# MHC Early Bird Discount Ending



## Barry (Dec 28, 2003)

Now is the time to register for the Midwest Haunters Convention Seminars, sponsored by HauntBots, if you want to lock in the best pricing! The special price of $75 for our educational series with over 75 hours of classroom instruction is ending April 1st. Visit www.MidwestHauntersConvention.com to register. The Midwest Haunters Convention is presented by www.CostumeFind.com .

Education is not the only exciting news coming out of MHC. The 115 booth vendor tradeshow is nearly sold out! Not only can you get first class seminars but you can "shop till you drop" with our record number of vendors including many new companies.

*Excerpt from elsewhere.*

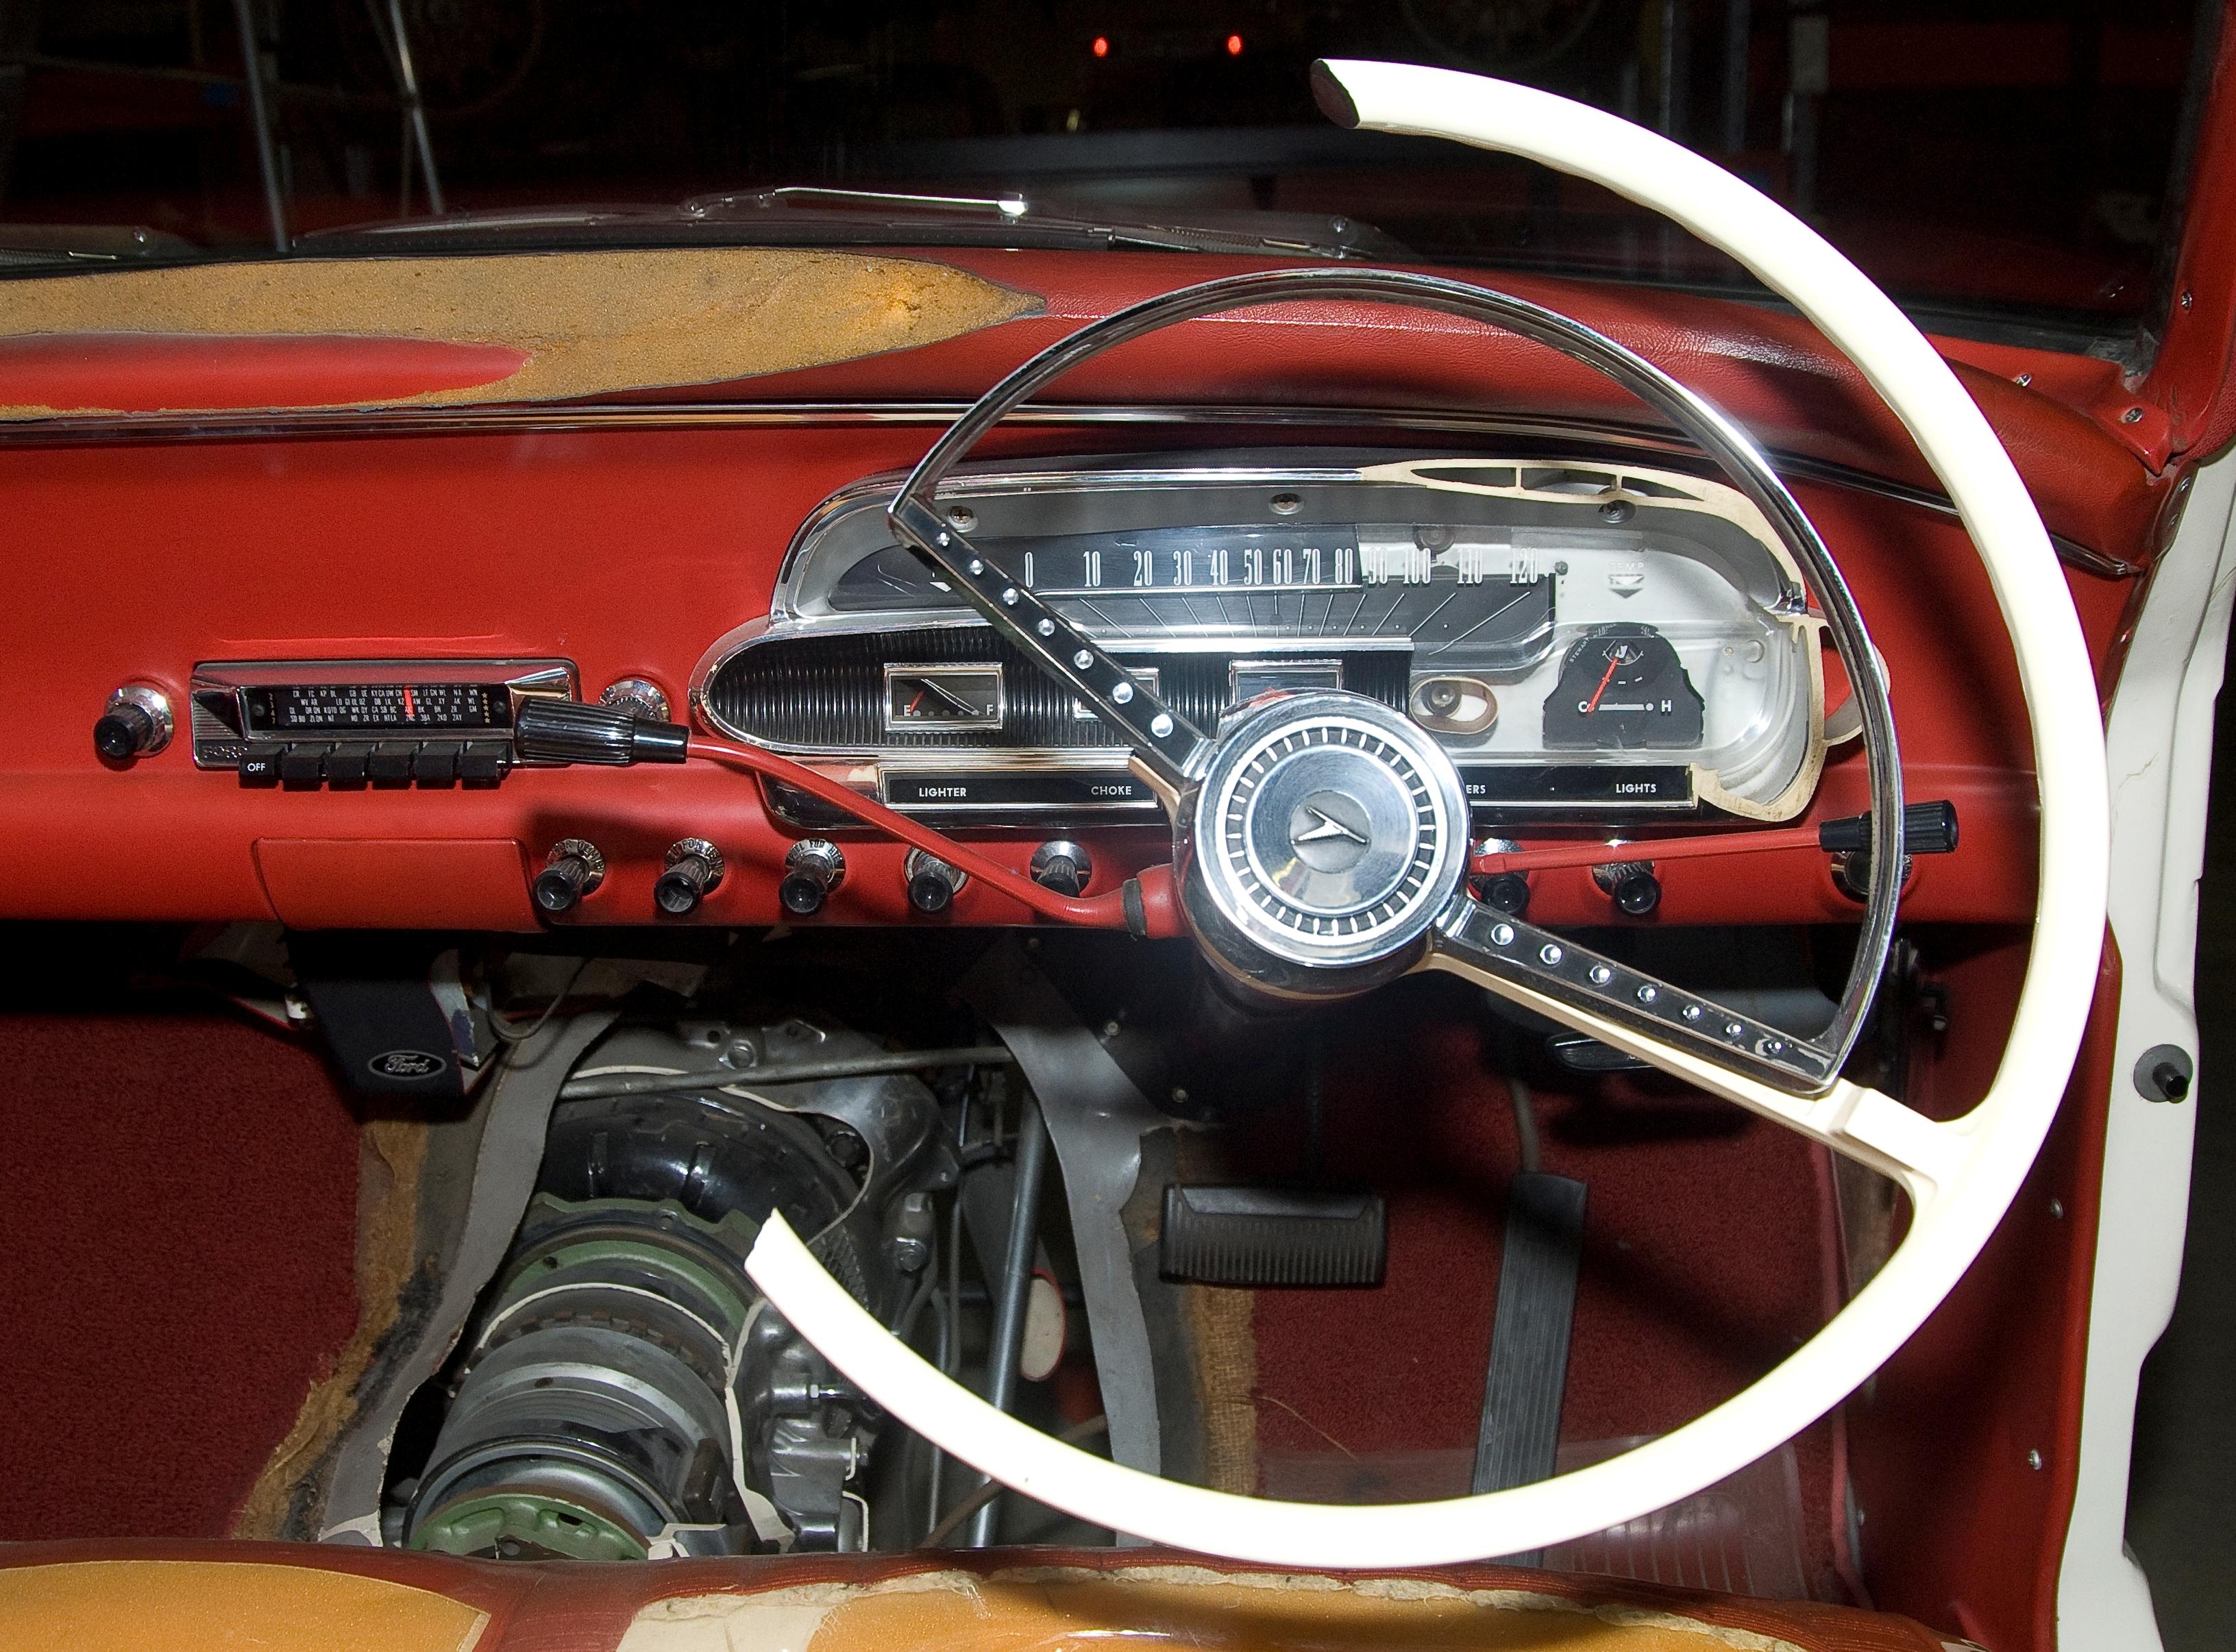 Ford Falcon I (XK, XL, XM, XP) 1960 - 1966 Sedan #2

Full details of our fun social events can be found on the website as well. We have some great bus tours planned including four haunts on Thursday and a haunted attraction tour and Vampire Ball on Friday. Saturday is the most anticipated day for fun as MHC presents it's signature events: the original Bloody Mary Monster Makeup Wars where contestants will be competing for a 7 day Bloody Mary Cruise along with highlight of the evening; the IAHA Masquerade Party with the Miss Midwest Scary Pageant.

Make your plans now to attend the largest haunters convention East of the Missippi, June 12-15th, 2008 in Columbus, Ohio.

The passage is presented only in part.